In a couple months I should have Slice great-grandkids :greengrin: lol I agree that I think Dalila is the nicest,and of the milkers,Derryth


----------



## Herebegoats (Dec 30, 2009)

I would love to see an australian dairy goat standard. That would be interesting to see how it differs from that in the US. So are those goats that are pictured Alpine typed? They sort of looked like Alpines to me, or dark colored Toggenburgs. Or are they a totally different breed?

I know nothing of goats outside the US. lol

Kelley


----------



## Idahodreamer (Sep 19, 2009)

The two last girls there are the better of the bunch.... The second older doe has an ok looking udder. 
 You'll have to let us know which one's you picked, Keren. 
yeah, a australian dairy goat standard would be interesting to see. 
Herebegoats, they hare british alpines, I think.


----------



## keren (Oct 26, 2008)

i will keep this short cos im on my mobile in melbourne - but in any case deryth has been sold - i will probably buy dalila. You can find the australian breed standards online i think the website is www.dgsa.org.au if that doesnt work google dairy goat society australia.
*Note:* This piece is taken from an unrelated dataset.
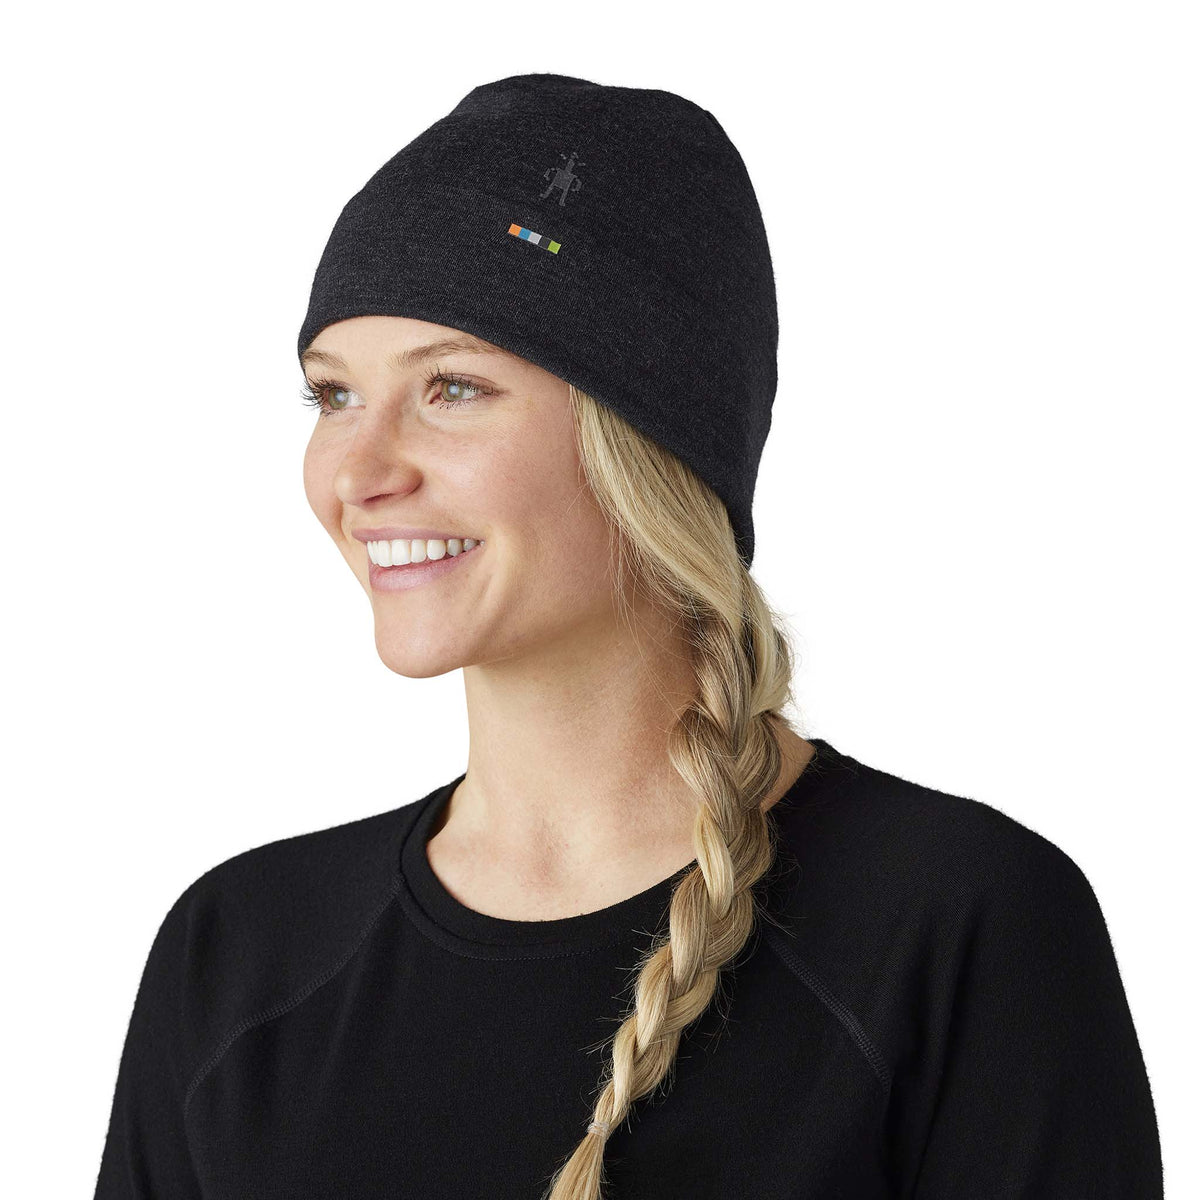 Smartwool Merino 250 Cuffed Beanie tuque unisexe charcoal femme

The british alpine is a very different goat to your french alpine much taller rangier and finer. There is only one breeder in the whole country who has goats that meet your american standard. She only has a handful of saanens left and i have been on the waiting list for a few years now - should get a kid this spring or next. Google buttara saanens


----------



## StaceyRosado (Oct 5, 2007)

cool - I hope you get her :thumb:


----------